Question

now its your turn... • environment / air pollution carbon dioxide (co₂) a car engine produces 88.0 g of co₂ during a short trip. • how many molecules of co₂ were released? • how many oxygen atoms were in that emission?

Explanation:

Sub - Question 1: How many molecules of \(CO_2\) were released?

Step 1: Calculate molar mass of \(CO_2\)

Molar mass of \(C\) is \(12.01\space g/mol\), molar mass of \(O\) is \(16.00\space g/mol\). For \(CO_2\), molar mass \(M = 12.01+ 2\times16.00=44.01\space g/mol\)

Step 2: Calculate moles of \(CO_2\)

Given mass \(m = 88.0\space g\), moles \(n=\frac{m}{M}\). Substituting values, \(n=\frac{88.0\space g}{44.01\space g/mol}\approx2.00\space mol\)

Step 3: Calculate number of molecules

Using Avogadro's number \(N_A = 6.022\times 10^{23}\space molecules/mol\), number of molecules \(N=n\times N_A\). Substituting \(n = 2.00\space mol\), \(N = 2.00\space mol\times6.022\times 10^{23}\space molecules/mol = 1.2044\times 10^{24}\space molecules\) (approx \(1.20\times 10^{24}\) or more precisely \(1.204\times 10^{24}\))

Sub - Question 2: How many oxygen atoms were in that emission?

Step 1: Recall the formula of \(CO_2\)

In one molecule of \(CO_2\), there are 2 oxygen atoms.

Step 2: Use number of \(CO_2\) molecules

From part 1, number of \(CO_2\) molecules \(N = 1.2044\times 10^{24}\).

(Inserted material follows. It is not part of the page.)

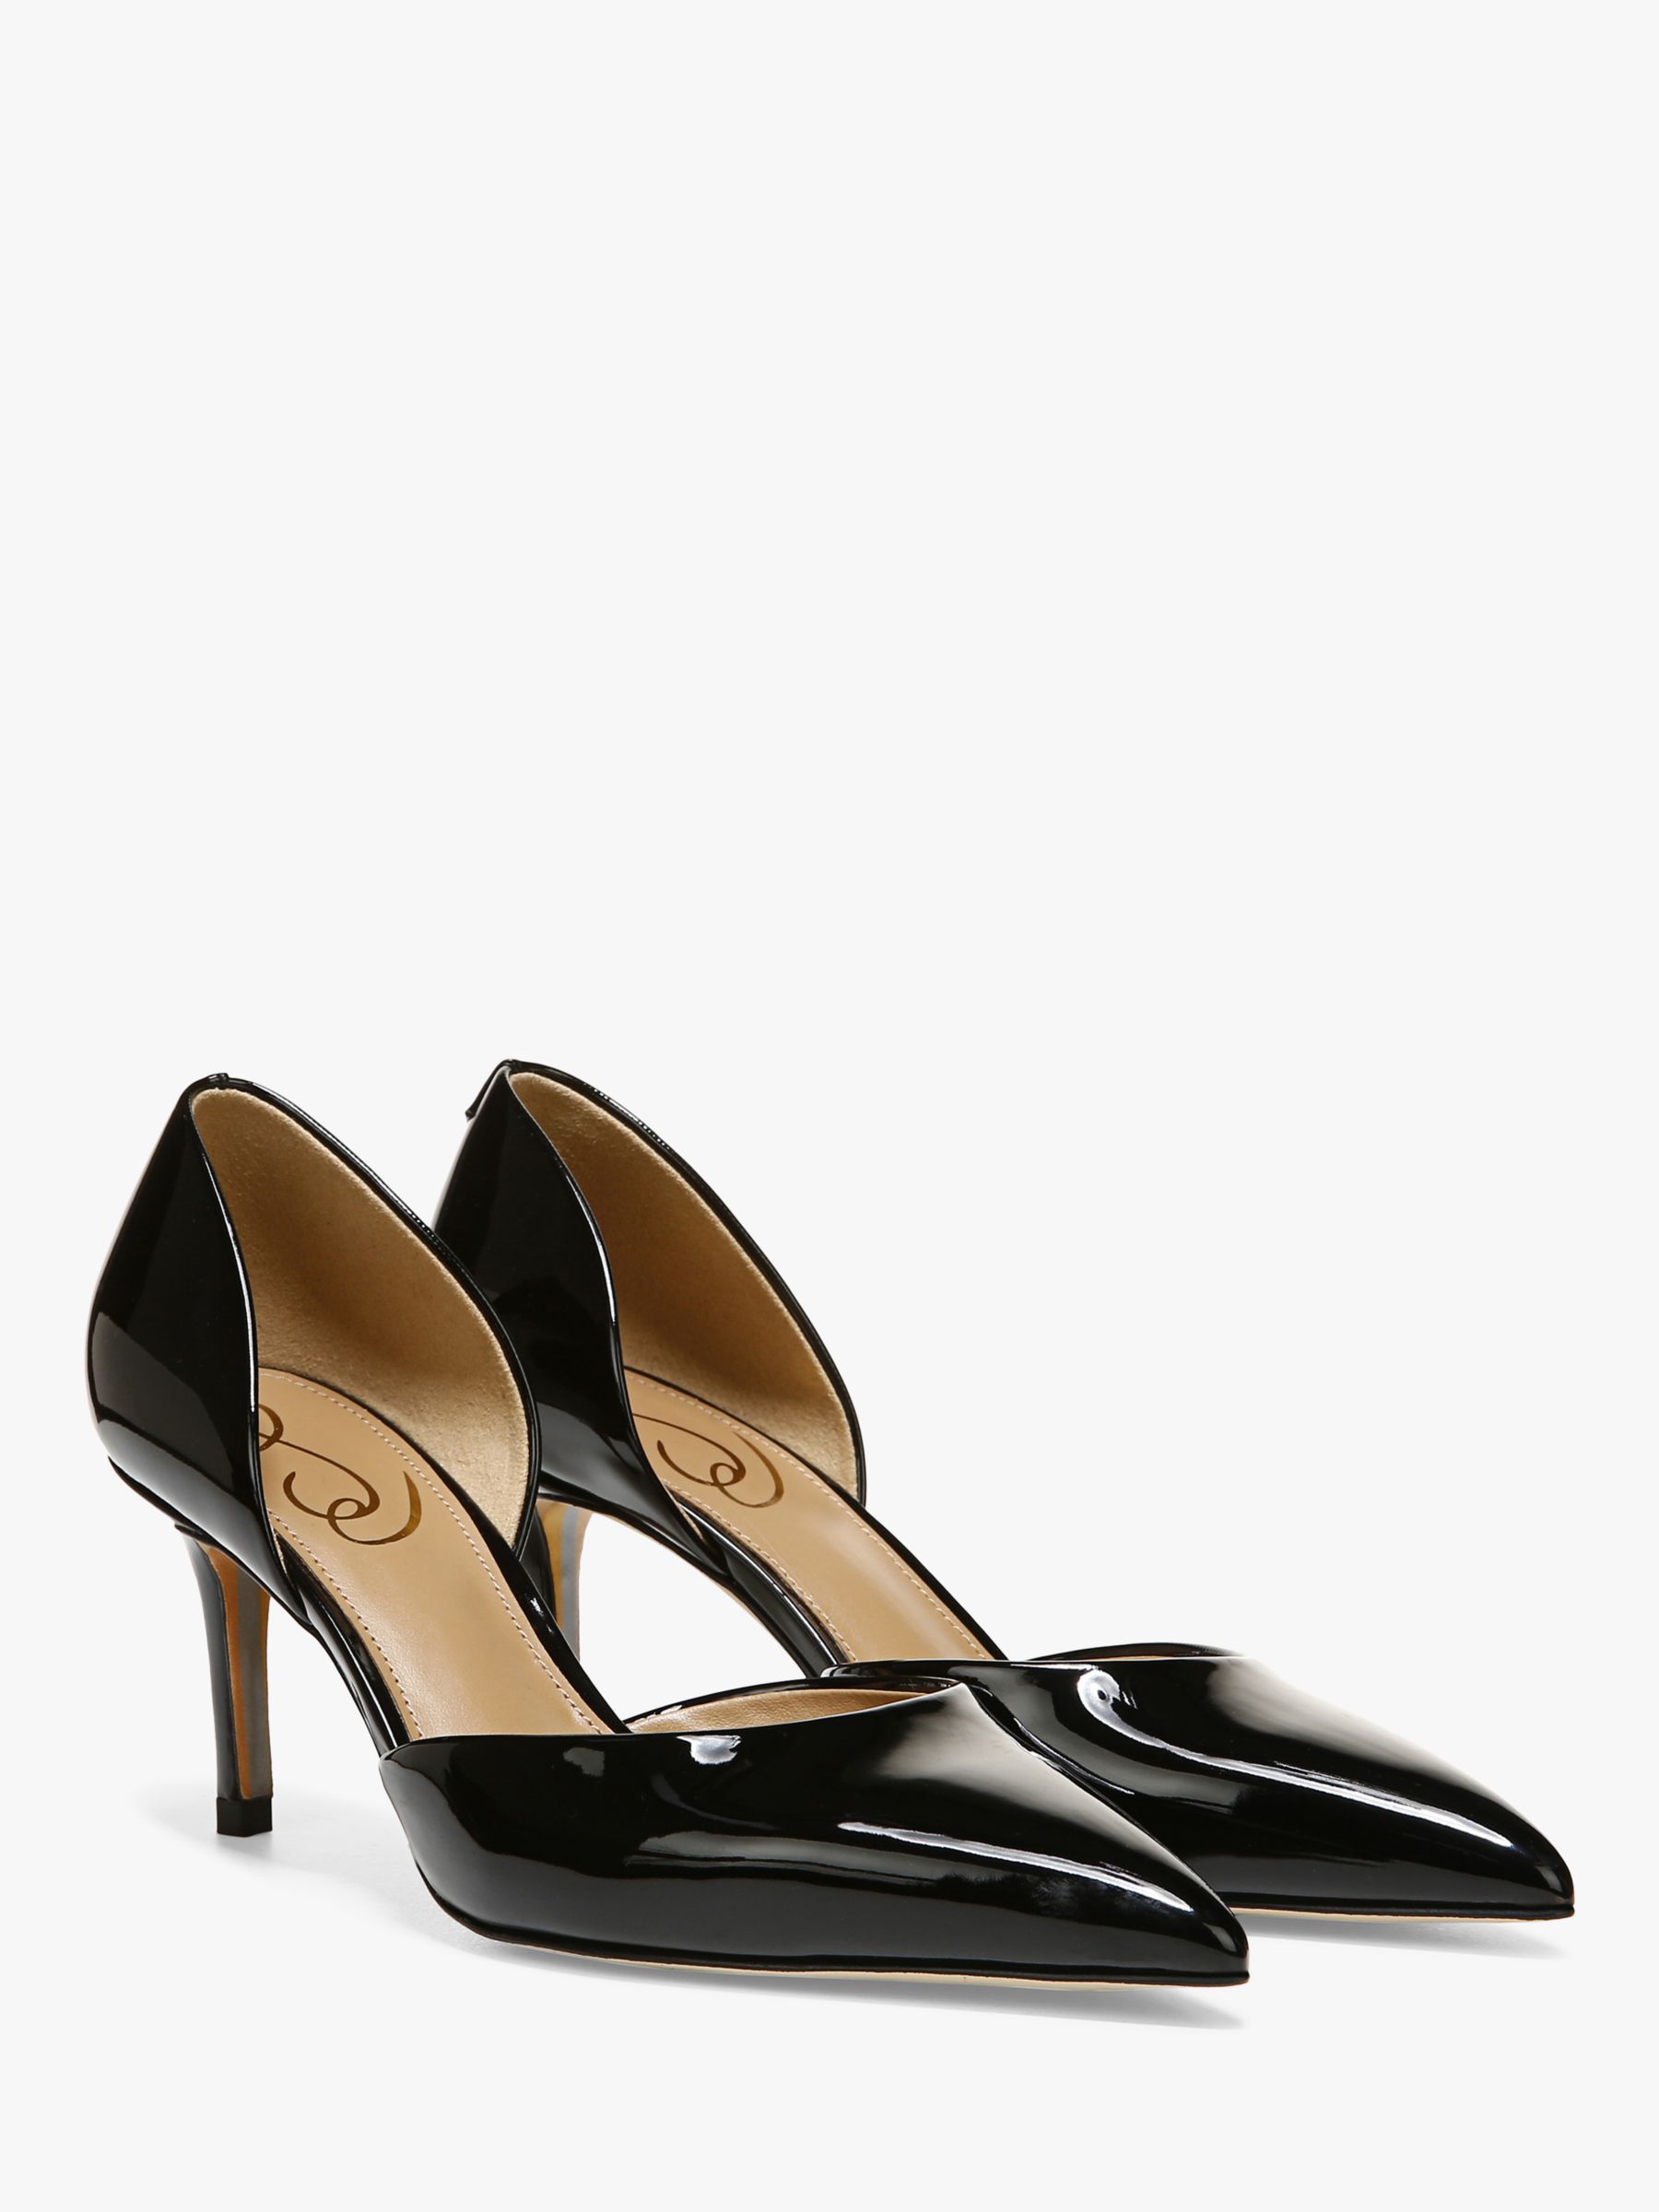 Sam Edelman Viv Stiletto Court Shoes, Black at John Lewis & Partners

Number of oxygen atoms \(N_O=2\times N\)

Step 3: Calculate number of oxygen atoms

\(N_O = 2\times1.2044\times 10^{24}=2.4088\times 10^{24}\space atoms\) (approx \(2.41\times 10^{24}\))

Answer:

(Sub - Question 1):
The number of \(CO_2\) molecules released is approximately \(\boldsymbol{1.20\times 10^{24}}\) (or more precisely \(1.204\times 10^{24}\)) molecules.